Question

A bi-convex lens of focal length f₁ is placed in air as shown in Figure 3(a) below. The radii of curvature of its first and second surfaces are R and 2R respectively. The lens is cut along the plane CD. Compare the focal length f₂ of the resulting lens shown in Figure 3(b) with that of the original lens shown in Figure 3(a).

Answer 1

To compare the focal lengths of the two lenses, we apply the Lens Maker’s Formula:

`1/f = (mu - 1)(1/(R_1) - 1/(R_2))`

Focal length f₁ of the original lens (Figure 3a):

For the bi-convex lens, using the standard sign convention (light traveling from left to right):

R₁ = +R (convex surface)

R₂ = −2R (convex surface)

`1/(f_1) = (mu - 1)(1/R - (-1/(2 R)))`

= `(mu - 1)(1/R + 1/(2 R))` 

= `(mu - 1)((2 + 1)/(2 R))`

= `(3(mu - 1))/(2 R)`   ...(i)

Focal length f₂ of the resulting lens (Figure 3b):

When the lens is cut along the plane CD, the resulting lens shown in Figure 3(b) is plano-convex.

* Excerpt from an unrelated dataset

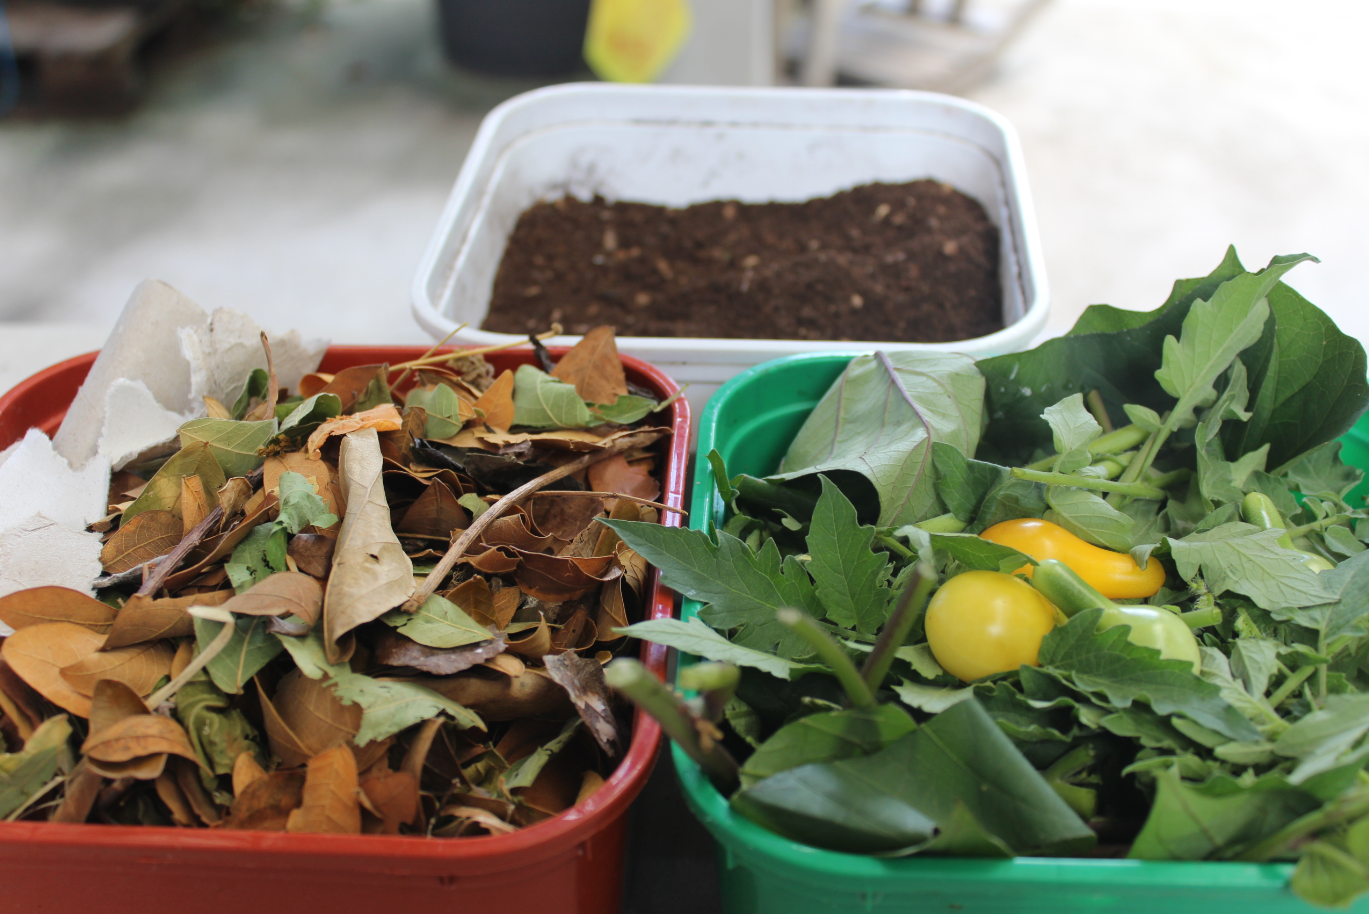 Matière brune + matière humide donne le compost.

The first surface is now the plane CD, so R₁ = ∞

The second surface remains the original curved surface, so R₂ = −2 R

`1/(f_2) = (mu - 1)(1/∞ - (-1/(2 R)))`

= `1/(f_2) = (mu - 1)(0 + 1/(2 R))`

= `(mu - 1)/(2 R)`    ...(ii)

By dividing Equation (i) by Equation (ii):

`((1/(f_1)))/((1/(f_2))) = ((3(mu - 1))/(2 R))/((mu - 1)/(2 R))`

`(f_2)/(f_1) = (3(mu - 1))/(2 R) xx (2 R)/(mu - 1)`

`(f_2)/(f_1) = 3`

f₂ = 3 f₁

∴ The focal length of the resulting lens (f₂) is three times the focal length of the original lens (f₁).